**SUPPLIED MATERIAL**:
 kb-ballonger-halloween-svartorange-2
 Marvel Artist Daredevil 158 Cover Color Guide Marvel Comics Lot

---

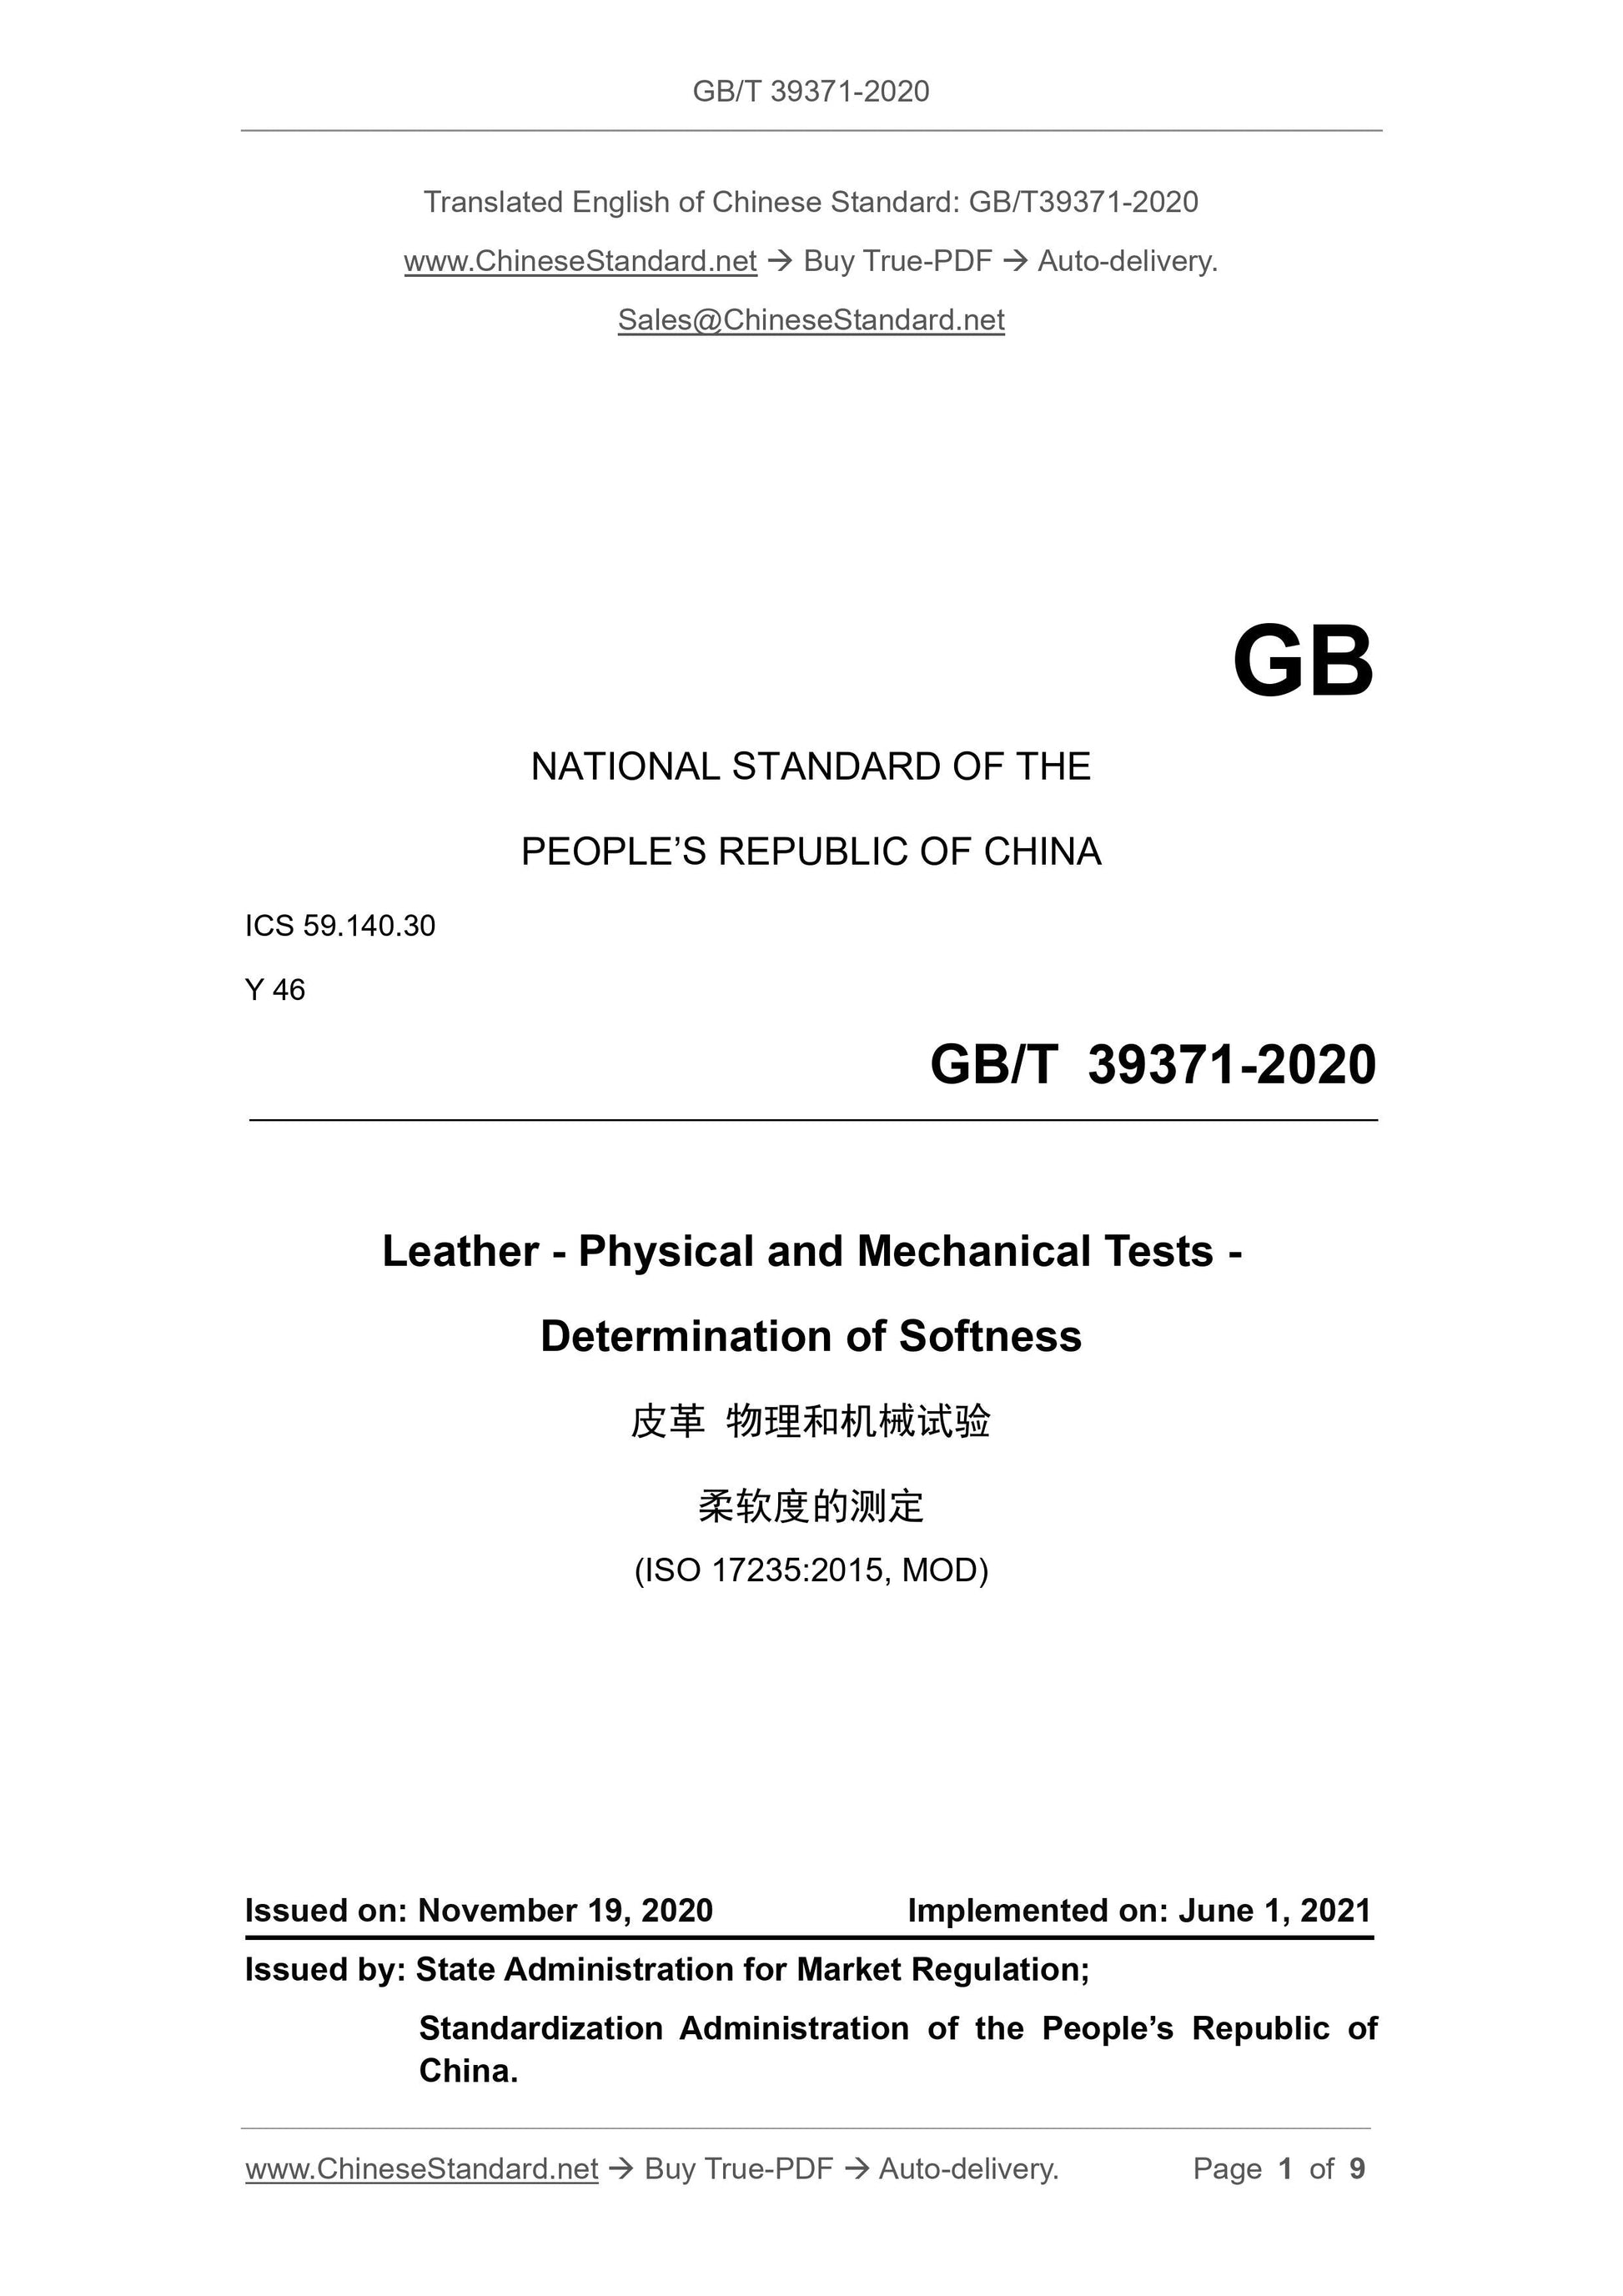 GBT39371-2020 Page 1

**REQUIRED WORK**: Look above for the line that contains "kb-ballonger-halloween-svartorange-2". Starting there, transcribe every line exactly until you have copied the line that contains "Marvel Artist Daredevil".

**EXPECTED ANSWER**:
 kb-ballonger-halloween-svartorange-2
 Marvel Artist Daredevil 158 Cover Color Guide Marvel Comics Lot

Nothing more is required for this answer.